Sounds like you've independently observed the Gell-Mann amnesia effect[1]
Media carries with it a credibility that is totally undeserved. You have all experienced this, in what I call the Murray Gell-Mann Amnesia effect. (I refer to it by this name because I once discussed it with Murray Gell-Mann, and by dropping a famous name I imply greater importance to myself, and to the effect, than it would otherwise have.)
Briefly stated, the Gell-Mann Amnesia effect is as follows. You open the newspaper to an article on some subject you know well. In Murray's case, physics. In mine, show business. You read the article and see the journalist has absolutely no understanding of either the facts or the issues. Often, the article is so wrong it actually presents the story backward—reversing cause and effect. I call these the "wet streets cause rain" stories. Paper's full of them.
In any case, you read with exasperation or amusement the multiple errors in a story, and then turn the page to national or international affairs, and read as if the rest of the newspaper was somehow more accurate about Palestine than the baloney you just read. You turn the page, and forget what you know.
That is the Gell-Mann Amnesia effect. I'd point out it does not operate in other arenas of life. In ordinary life, if somebody consistently exaggerates or lies to you, you soon discount everything they say. In court, there is the legal doctrine of falsus in uno, falsus in omnibus, which means untruthful in one part, untruthful in all. But when it comes to the media, we believe against evidence that it is probably worth our time to read other parts of the paper. When, in fact, it almost certainly isn't. The only possible explanation for our behavior is amnesia.
As a former FB employee, I have since treated everything from the NYT in particular with suspicion. That said, part of the reason I left was my belief that the VR play was a massive boondoggle.
Reading the News is like hanging with some fancy friends who are entertaining but also a little drunk and starting to repeat themselves.
It becomes apparent that the conversation always veers into some heavy and kind of dark shit that is mainly based on conjecture, and nobody is smiling or enjoying themselves.

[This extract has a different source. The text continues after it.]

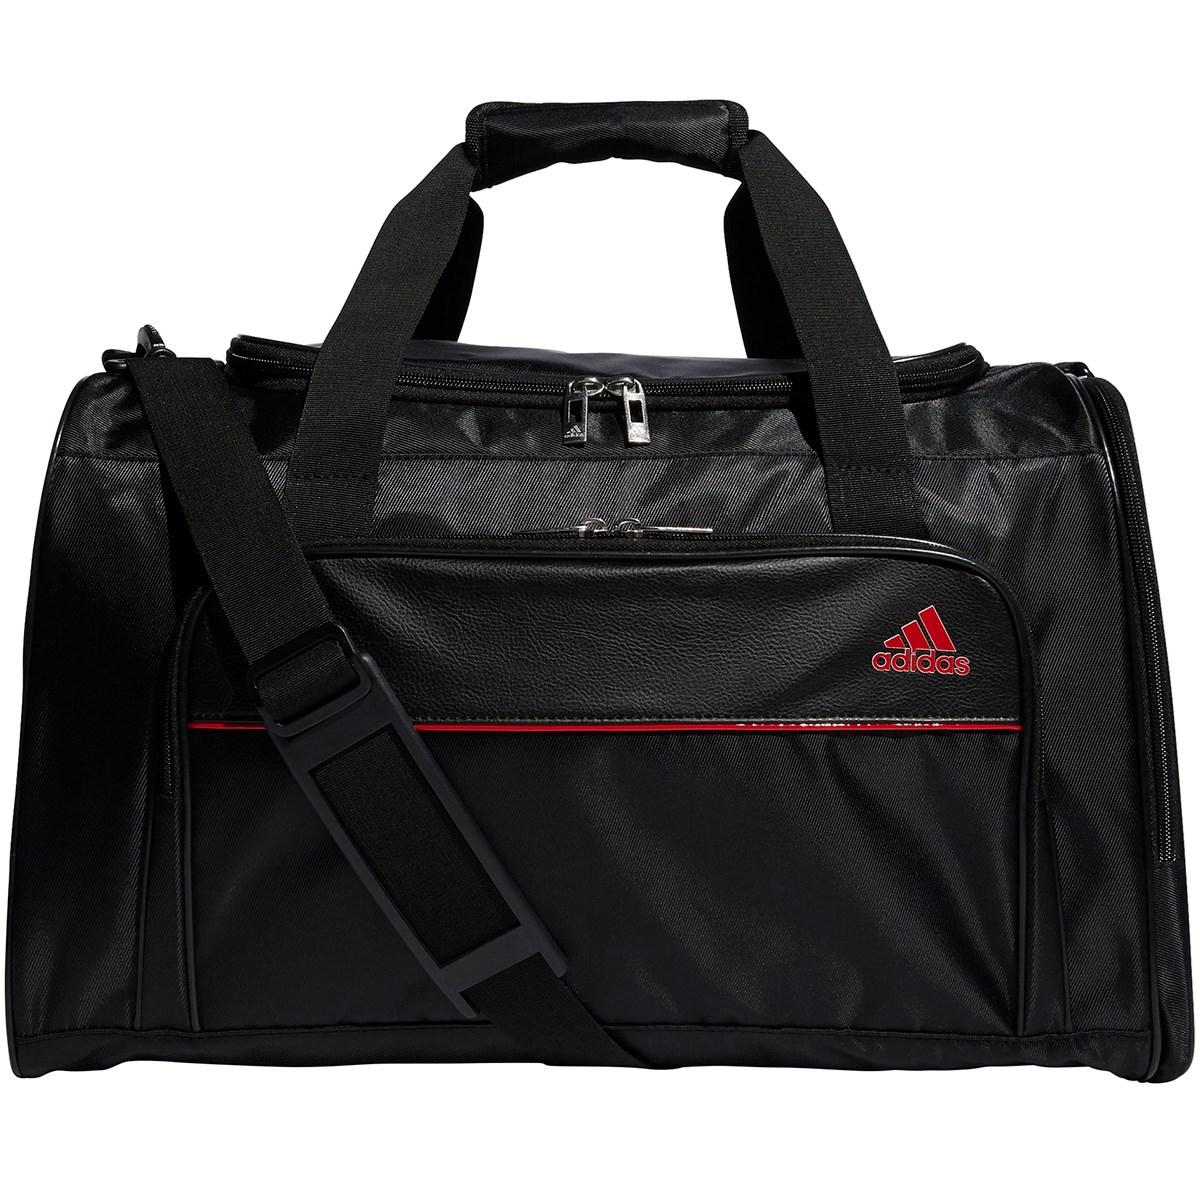 アディダス Adidas ボストンバッグ ブラック/レッド

After 20 minutes I’m not having fun anymore and I want to go home. But I’m glad I came, because they might discuss something important without me there.
Gell-Mann Amnesia is about competence. Major Media Outlet coverage of Big Tech isn't (just) incompetent, but also openly adversarial. For both financial and cultural reasons.
That said -- I interviewed with FB last month and got the distinct impression that morale was rock bottom.